Genes encoding developmental regulators are often occupied by SetDB1 and at least three histone modifications. (A) Venn diagram representation of genes occupied by nucleosomes modified with histone H3K4me3, H3K27me3, and H3K9me3. Approximately half of the genes that are occupied by both H3K4me3 and H3K27me3 are also occupied by H3K9me3. (B) Histone modifications in promoter-proximal regions of 2232 genes bound by SetDB1 surrounding the transcriptional start site (±5 kb). A set of developmental regulator genes are enriched for SetDB1 binding and nucleosomes containing H3K9me3, H3K27me3, and H3K4me3. (C–F) SetDB1 and histone H3K4me3, H3K27me3, and H3K9me3 occupancy profiles for Gata2, Isl2, Lhx1, and the Hoxd cluster. (G) Expression profiles showing changes in gene expression in SetDB1 knockdown cells relative to control shRNA cells. Red and green represent Log₂ transformed probe signal levels. Genes occupied by histone H3K9me3, H3K27me3, and H3K4me3 are shown as blue lines. Genes up-regulated upon SetDB1 knockdown were 3.6-fold enriched (P < 10⁻¹⁴) for H3K4me3/H3K27me3/H3K9me3 occupancy (32 out of 164), while down-regulated genes were not enriched (16 out of 256).

Figure 4.

Model for transcriptional regulation by SetDB1. A model of core ES cell regulatory circuitry is shown with a subset of genes occupied by the transcription factors and chromatin regulators depicted in the diagram.
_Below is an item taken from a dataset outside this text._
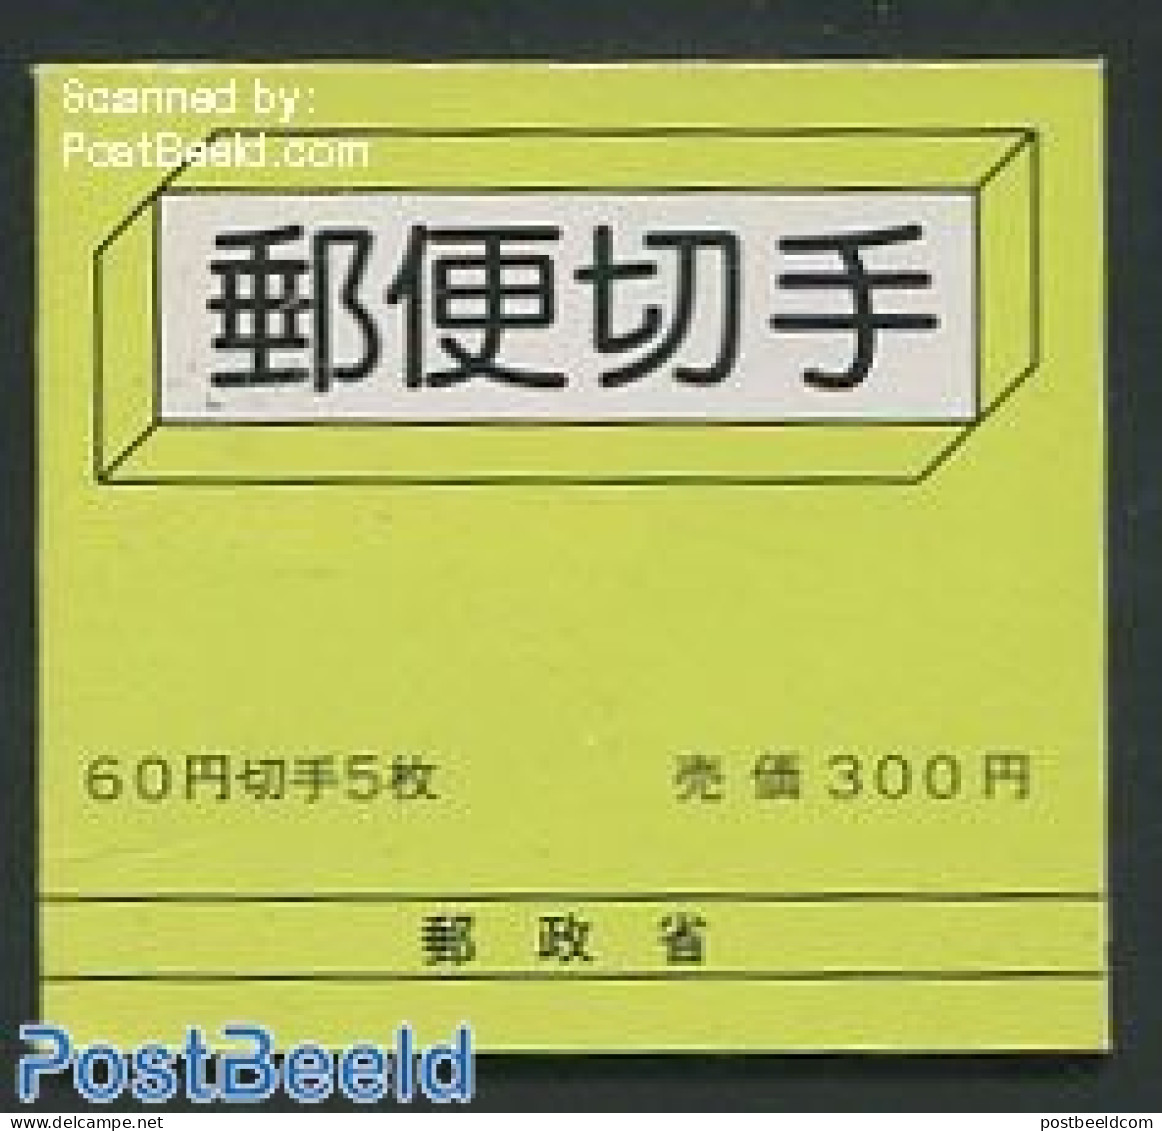 Japan 1980 Definitives Booklet, Mint NH, Stamp Booklets - Nuevos

The interconnected autoregulatory loop is shown to the left. Active genes are shown at the top right, and inactive genes are shown at the bottom right. Transcription factors are represented by dark-blue circles, and PcG complexes and SetDB1 are indicated by a red circle. Gene promoters are represented by red rectangles, gene products are indicated by orange circles, and miRNA promoters are represented by purple hexagons.